Para ir para a torre ou para o poço precisávamos do mesmo ingresso que usamos para entrar no castelo. Em algum momento durante o passeio eu perdi o meu e só me dei conta no final. Fiquei com aquela cara e a Angie foi explicar a situação para um dos seguranças que trabalhavam por lá. Ele sugeriu que ela fosse na bilheteria e explicasse a situação para a moça que nos vendeu o ingresso, caso ela se lembrasse de nós, nos daria um ingresso novo. Sem muita certeza de que isso aconteceria, fomos até a bilheteria, a Angie mal começou a falar, a moça entregou um ingresso para ela. Mas não era só um ingresso… Era o meu ingresso, estava cortado e amassado como eu me lembrava. Alguém viu ele no chão e devolveu ao invés de pegar para si ou jogar fora! Amo a Alemanha.

Saindo do castelo fomos em uma igreja ali perto para uma missa. Eu não costumo ir em missas, na verdade, essa foi a primeira vez. Mas toda páscoa e Natal e Angie gosta de ir. Acompanhei ela, óbvio. Fiquei lá sentadinha por uma hora, sem entender nada e lutando contra um soninho confortável. Eu agradecia à Deus todas as vezes que precisávamos fechar os olhos para orar, porque eu aproveitava e dava uma pescada sem me sentir culpada! Desculpa se alguém se sentiu ofendido com essa minha confissão.
Depois da missa almoçamos em um restaurante próximo dali e a Angie ficou responsável por me explicar/escolher meu prato. Ela me sugeriu linguiças grelhadas típicas da região e um dumpling, que é uma bola (um pouco maior que uma bola de bilhar) feita de uma massa bem parecida com àquela que a mãe dela preparou, mas um pouco mais consistente recheada com pedacinhos de pão. A Angie me disse que aquela não era uma combinação nada comum, mas pediu assim para que eu provasse um dumplig. E eu gostei muito de tudo!
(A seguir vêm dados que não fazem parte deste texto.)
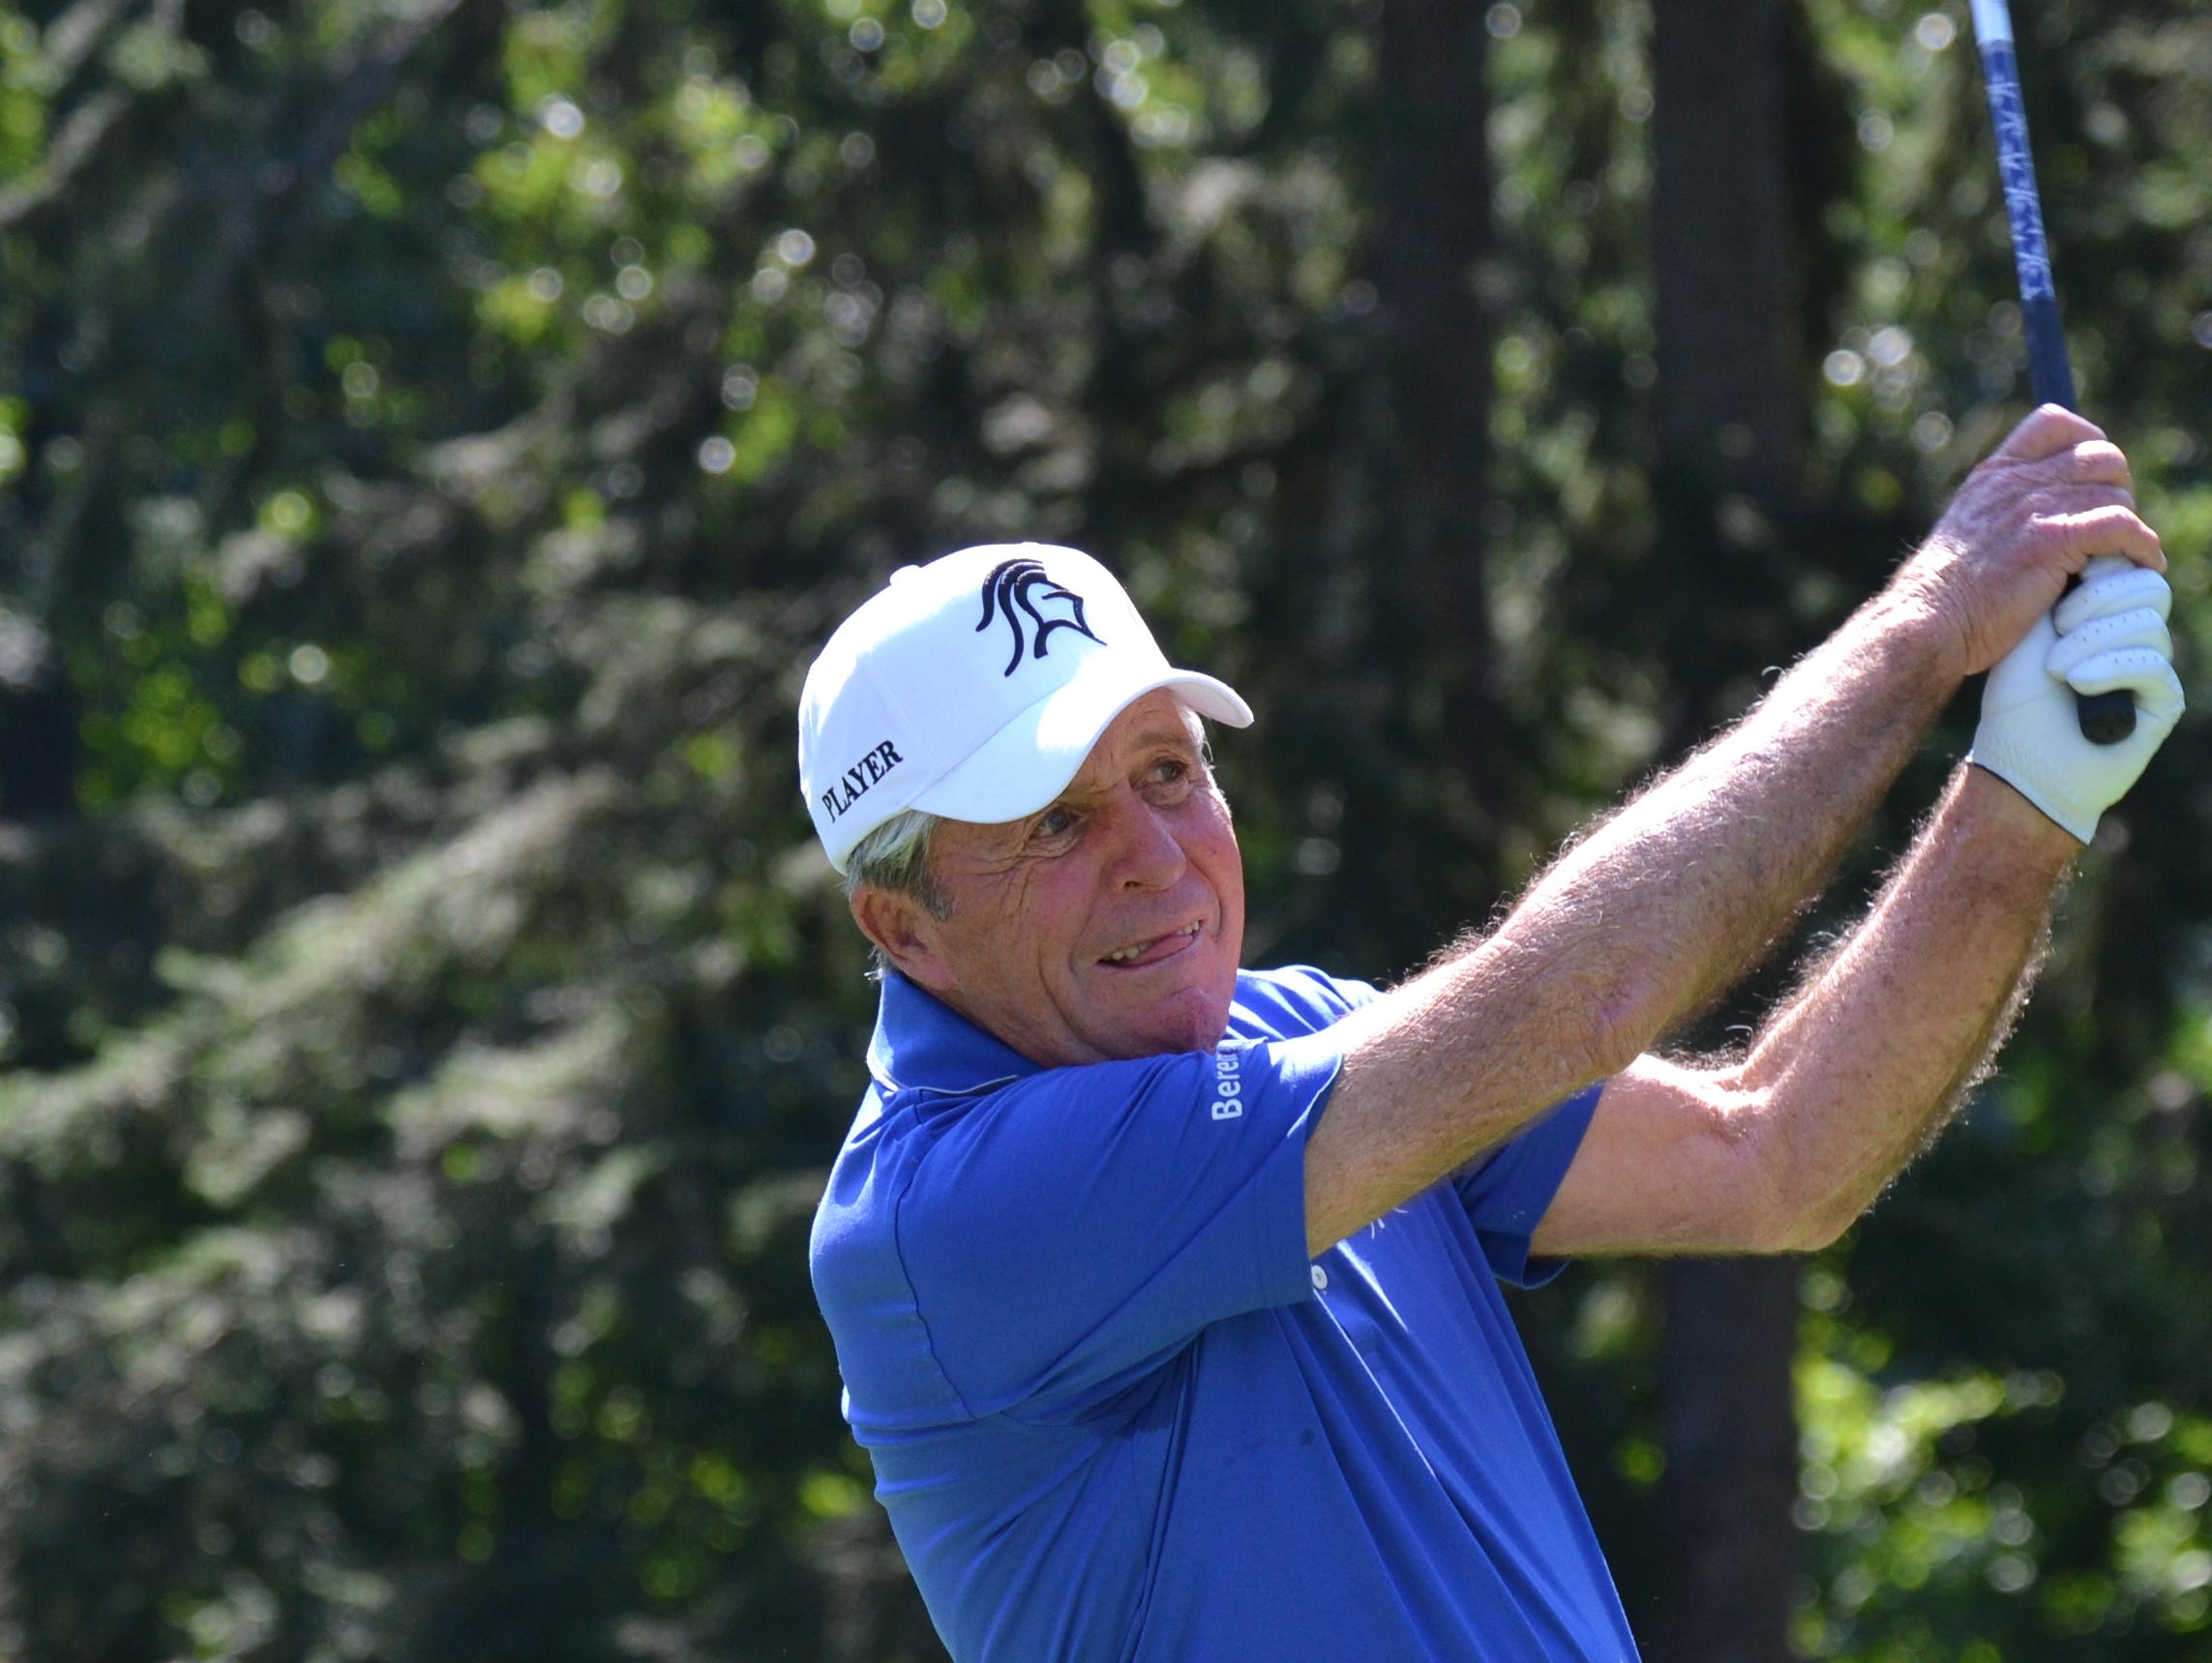 World Golf Hall of Famer Gary Player believes incentivizing junior golfers by subsidizing their greens fees will get more players on the local courses. The 81-year-old was at GlenArbor Golf Club in Bedford earlier this month for a charitable outing that raised $100,000 for his foundation.

De sobremesa pedimos uma strüdel de maçã que acompanhava uma fatia de torta de ricota e sorvete.IMG_2435_2

Ainda era cedo, não tínhamos muita coisa pra fazer então resolvemos andar pela cidade. Fomos para um parque que ficava por ali e passamos um bom tempo conversando sobre todos os assuntos possíveis. Lá pro final da tarde ela me levou até Fürth, a cidade onde ela tinha estudado, só para passarmos o tempo e para que eu pudesse ver outros lugares. A cidade estava bem vazia, afinal era quase feriado. Passamos em frente à escola dela e reparei que vários prédios por ali tinham as fachadas meio pretas, como se tivessem pegado fogo e não tivessem sido repintadas. Ela me disse que era aquilo foi causado pelo mercúrio, porque antigamente naquela região havia uma fábrica de espelhos.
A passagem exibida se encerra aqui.